In the forty-seven years since the above eloquent words were spoken
larger fortunes than ever have been rolled up; ground rent (the
community value) has enormously increased and is still pocketed by a
few, and unemployment has become chronic. Conditions are becoming more
intolerable and menacing. The cause being fundamentals no superficial
remedy can avail. The axe must be laid the root of the tree.
It is startling to note the similarity between Rome, her decline and
the world in its present plight. She always had her unemployment
problem, the dole and miles of tables to feed the starving. It is
plain that a system based on injustice cannot endure. We must avoid
Rome's fatal error or take the consequences. Public values must be
appropriated for public purposes, and privately produced values be
sacredly left to the producer.
Civilizations have risen and fallen -- fallen, no doubt because of
the uneven distribution of wealth and power, selfishness on the one
hand and ignorance on the other. History tells us that "land
monopoly ruined Rome," and it is clear and plain to those who are
capable of ordinary observation that the same evil is rapidly ruining
Anglo- Saxon civilization. Men in the mass, locked out from natural
opportunities, invariably become as helpless chattel slaves.
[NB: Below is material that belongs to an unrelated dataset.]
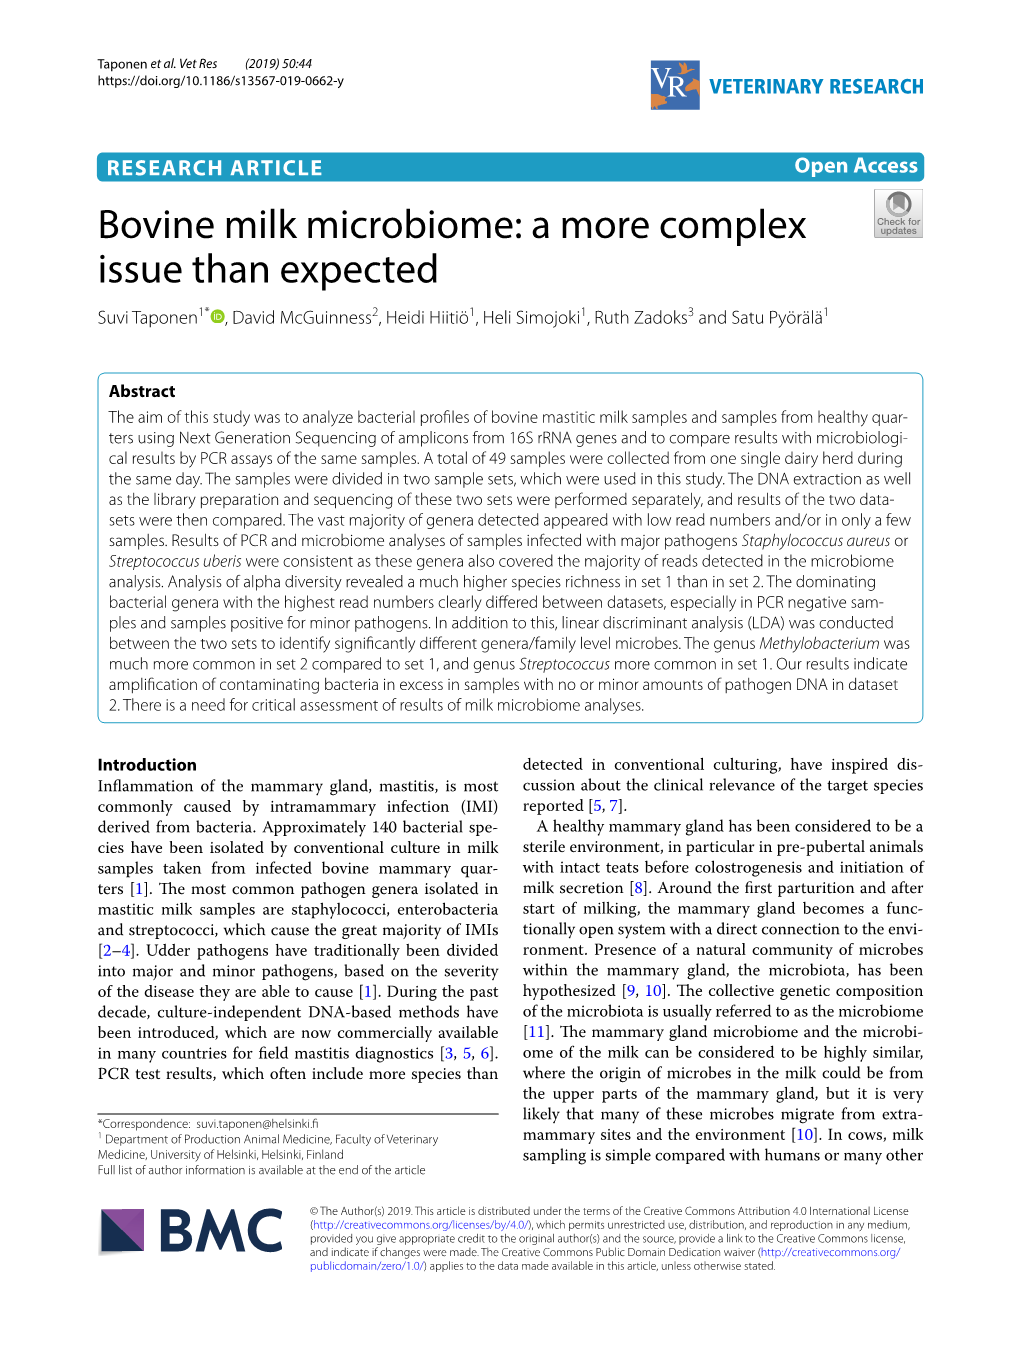 Bovine Milk Microbiome: a More Complex Issue Than Expected Suvi Taponen1* , David Mcguinness2, Heidi Hiitiö1, Heli Simojoki1, Ruth Zadoks3 and Satu Pyörälä1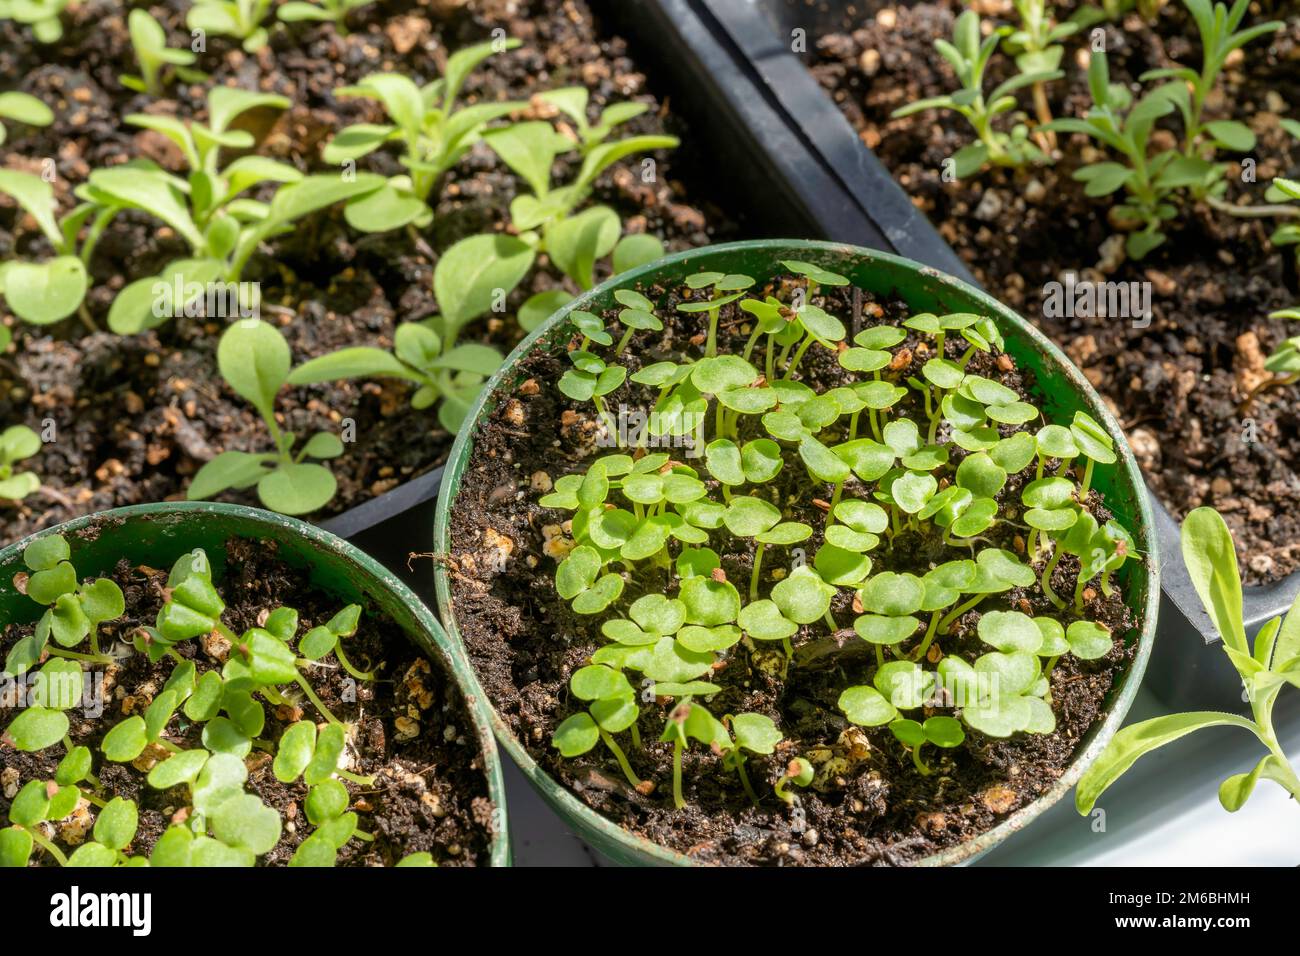 Tiny impatiens seedling ready to transplant into larger pots. Stock Photo

Science tells us that for the next million years or more this globe
may be doing duty in the same old orbit, human life and human comfort
and wellbeing, as far as natural law is concerned, be as possible as
ever.
The question is, Shall we go on treading in the foot- steps of Rome,
assuredly to meet Rome's fate, or shall we be wise enough to abolish
monopoly and privilege by discarding Rome's [quiritary] system of land
tenure and secure for countless future generations the right to
liberty, fair play and equal opportunity as envisioned by the
nineteenth century "Prophet of San Francisco"?